Extracted material Start Marker
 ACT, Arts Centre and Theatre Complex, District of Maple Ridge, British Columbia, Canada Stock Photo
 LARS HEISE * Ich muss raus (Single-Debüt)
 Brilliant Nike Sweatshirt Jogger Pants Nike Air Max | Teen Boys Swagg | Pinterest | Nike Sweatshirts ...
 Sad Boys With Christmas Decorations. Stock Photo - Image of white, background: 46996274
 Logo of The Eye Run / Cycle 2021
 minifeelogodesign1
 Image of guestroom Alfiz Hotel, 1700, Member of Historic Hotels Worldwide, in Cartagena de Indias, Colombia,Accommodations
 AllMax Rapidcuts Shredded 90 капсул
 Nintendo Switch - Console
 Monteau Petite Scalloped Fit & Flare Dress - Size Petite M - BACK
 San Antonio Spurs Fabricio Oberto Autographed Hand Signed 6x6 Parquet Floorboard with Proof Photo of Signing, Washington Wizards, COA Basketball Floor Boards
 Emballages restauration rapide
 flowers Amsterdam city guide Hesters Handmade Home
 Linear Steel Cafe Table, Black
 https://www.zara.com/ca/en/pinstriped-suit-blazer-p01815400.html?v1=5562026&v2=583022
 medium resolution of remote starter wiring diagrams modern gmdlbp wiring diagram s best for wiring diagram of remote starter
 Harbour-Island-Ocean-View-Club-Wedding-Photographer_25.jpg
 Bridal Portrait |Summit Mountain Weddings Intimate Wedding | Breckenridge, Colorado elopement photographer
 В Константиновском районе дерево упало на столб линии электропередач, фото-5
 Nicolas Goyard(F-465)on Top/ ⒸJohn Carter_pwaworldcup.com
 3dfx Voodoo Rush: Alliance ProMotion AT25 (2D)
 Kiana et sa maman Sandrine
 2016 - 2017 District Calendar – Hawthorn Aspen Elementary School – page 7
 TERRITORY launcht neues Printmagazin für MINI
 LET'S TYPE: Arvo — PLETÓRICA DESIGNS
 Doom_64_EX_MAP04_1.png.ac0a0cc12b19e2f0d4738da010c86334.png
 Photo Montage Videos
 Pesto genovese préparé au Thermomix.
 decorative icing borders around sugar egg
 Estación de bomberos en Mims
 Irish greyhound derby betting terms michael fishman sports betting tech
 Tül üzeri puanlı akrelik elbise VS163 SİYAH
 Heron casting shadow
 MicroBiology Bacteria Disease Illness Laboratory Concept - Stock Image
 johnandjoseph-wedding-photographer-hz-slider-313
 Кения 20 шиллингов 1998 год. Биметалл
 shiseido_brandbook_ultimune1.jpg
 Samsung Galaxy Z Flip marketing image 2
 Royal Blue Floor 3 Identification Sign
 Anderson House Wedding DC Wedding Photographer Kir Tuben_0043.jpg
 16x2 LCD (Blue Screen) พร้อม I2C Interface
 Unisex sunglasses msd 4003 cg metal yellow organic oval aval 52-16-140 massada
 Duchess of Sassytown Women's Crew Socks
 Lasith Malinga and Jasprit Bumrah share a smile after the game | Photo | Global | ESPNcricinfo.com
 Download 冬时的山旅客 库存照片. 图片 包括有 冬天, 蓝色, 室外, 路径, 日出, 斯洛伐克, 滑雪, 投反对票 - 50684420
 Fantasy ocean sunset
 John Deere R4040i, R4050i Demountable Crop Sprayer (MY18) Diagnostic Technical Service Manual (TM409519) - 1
Extracted material End Marker
_Task item_
What is needed is an exact copy of the lines from the one containing "Download 冬时的山旅客 库存照片." to the end of the data; please add nothing else.

_Written solution_
 Download 冬时的山旅客 库存照片. 图片 包括有 冬天, 蓝色, 室外, 路径, 日出, 斯洛伐克, 滑雪, 投反对票 - 50684420
 Fantasy ocean sunset
 John Deere R4040i, R4050i Demountable Crop Sprayer (MY18) Diagnostic Technical Service Manual (TM409519) - 1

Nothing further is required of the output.